Унгебауэр искренно улыбнулся, польщенный комплиментом.

– Что-то я проголодался! – заявил он. – Антон Федорович, не составите мне компанию в ресторане?

– С удовольствием. У самого живот урчит.

Миновав пустой, но очень уютный и роскошный салон с сафьяновыми диванами и креслам, ломберными столами с сукном для карточных игр и столиками с шахматами, с библиотечным шкафом и газетницами, часами и барометром, попутчики оказались в невзрачном вагоне-ресторане, напоминавшем дешевую столовую на уездной станции. Мещанская мебель, прочные, но убогие стулья, белые казенные скатерти, пыльные шторы. Определенное оживление вносило стоявшее в углу пианино, но без тапёра и оно выглядело сиротливым и забытым. За дальним столом возле большого прямоугольного зеркала (еще одно убожество) сидело трое мужчин, все в дорогих тройках. Обсуждали коммерческие дела, пили вино. Расположившись по другую сторону, Горский с Унгебауэром принялись изучать меню. К ним тотчас подбежал официант в белом переднике, разложил куверты.

– Что посоветуете, любезный? – спросил у служащего лейтенант.

– Ростбифы очень сегодня хороши-с.

– Две штуки! Щи есть?

– Есть. Изволите?

– Непременно и обязательно! К ростбифам, пожалуйста, французскую булку. К щам – ржаной.

Официант кивнул, быстро записывая карандашом.

– Теперь… штоф водки.

– Я не пью, – заранее предупредил Горский.
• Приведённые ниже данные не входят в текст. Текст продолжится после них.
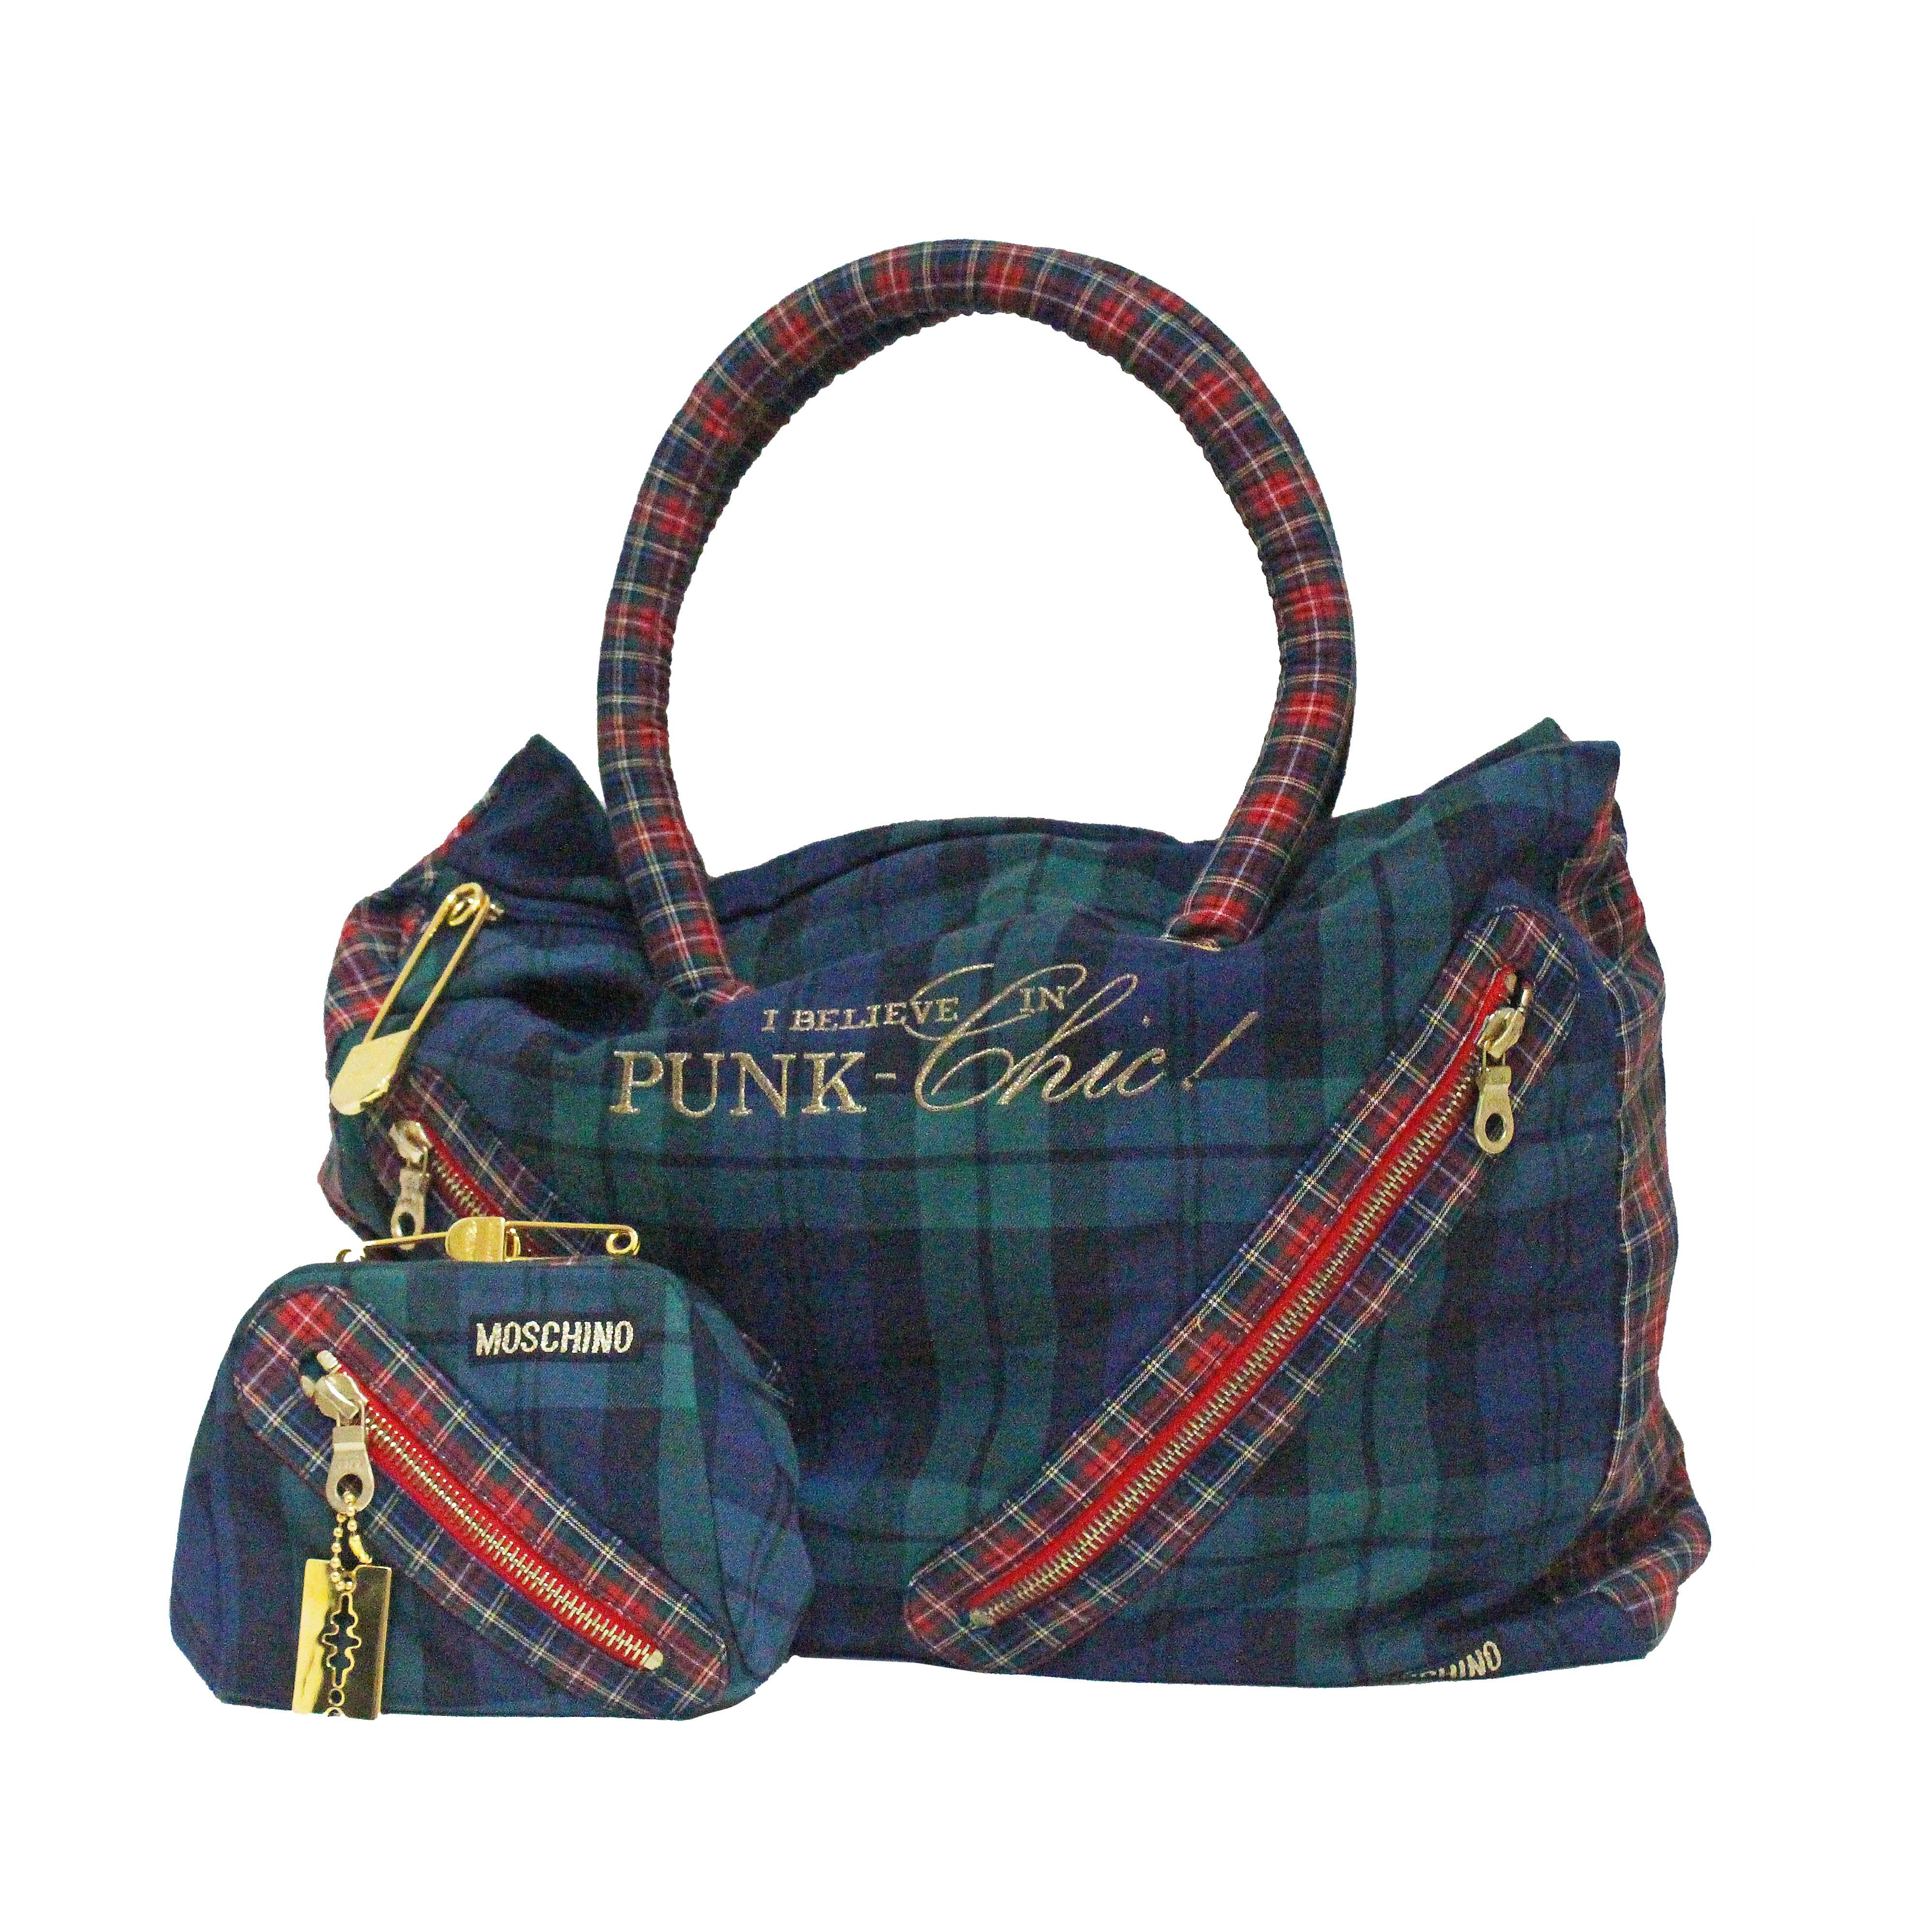 Moschino tartan Punk Chic! large tote bag with purse, c. 1990s 
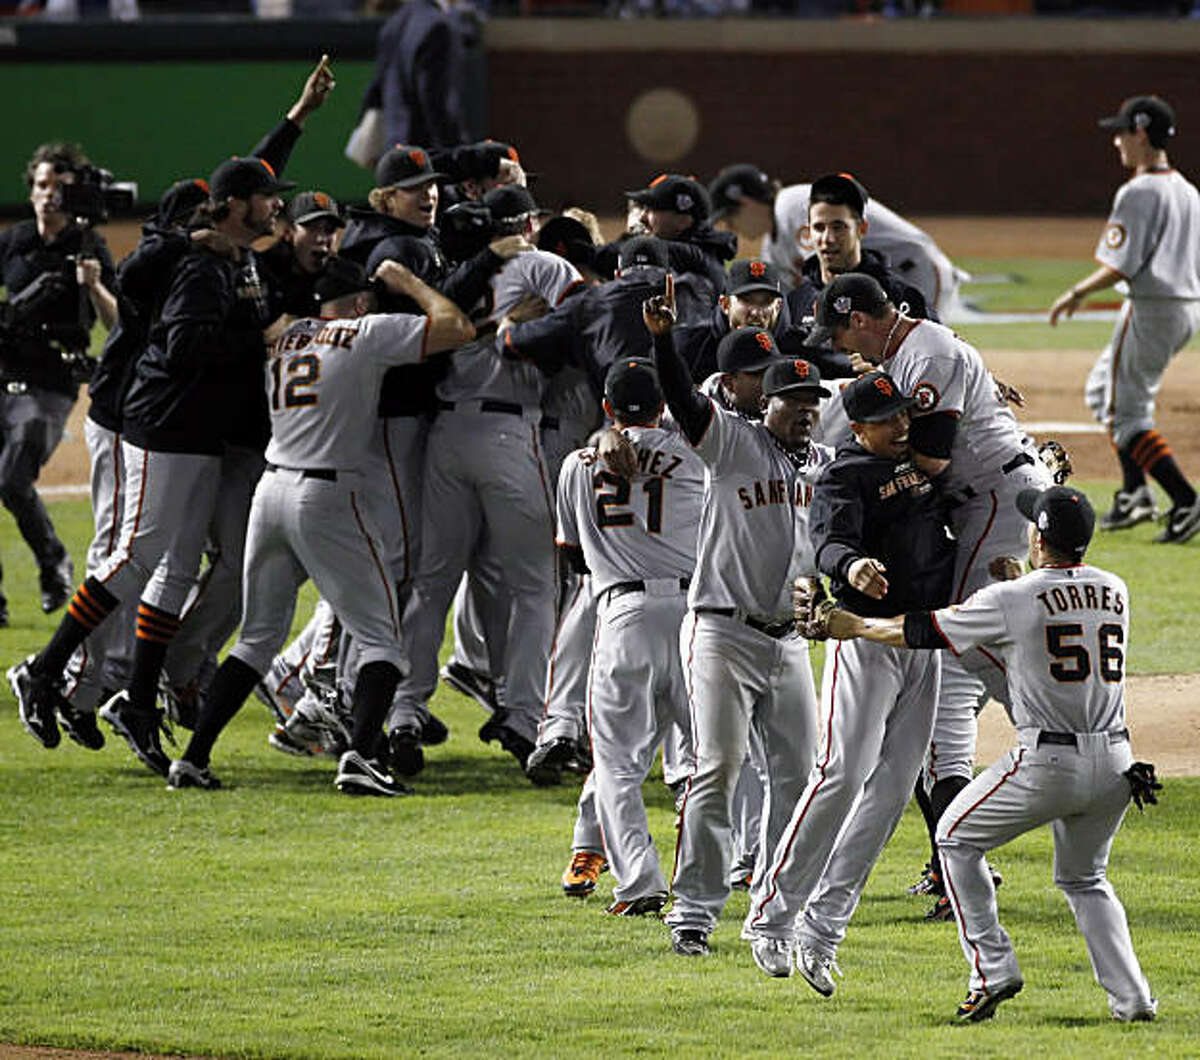 The Giants celebrate on the field after winning the final game of the World Series. The San Francisco Giants defeated the Texas Rangers 3-1 in Game 5 of the World Series at Rangers Ballpark in Arlington, Tx, on Monday, November 1, 2010.

– Жаль, – вздохнул Унгебауэр. – Тогда графинчик.

– Не много ли? – усомнился коллежский секретарь.

– В самый раз! Вечер долгий, мы никуда не торопимся.

– Вам виднее, – пожал плечами Антон Федорович.

– Что-нибудь еще? – спросил официант у Унгебауэра.

– К водочке, разумеется, ветчинки, язычку… И непременно с хреном!

– А вам, сударь?

– Мне телятину со сдобной булкой и клюквенного квасу, – заказал Горский на 65 копеек. На сколько заказал лейтенант, Антон Федорович не хотел и думать.

Первым делом официант принес графинчик водки. Унгебауэр ждать не стал: тотчас налил рюмку.

– Твое здоровье, Антон Федорович! Позволь на «ты». За знакомство, так сказать…

Ухнул, скривился.

– Я вот всё говорю, говорю, а про тебя толком ничего и не знаю, – Демьян Константинович, казалось, только теперь решил как следует присмотреться к собеседнику. – Какими судьбами в Дальний? В опалу попал?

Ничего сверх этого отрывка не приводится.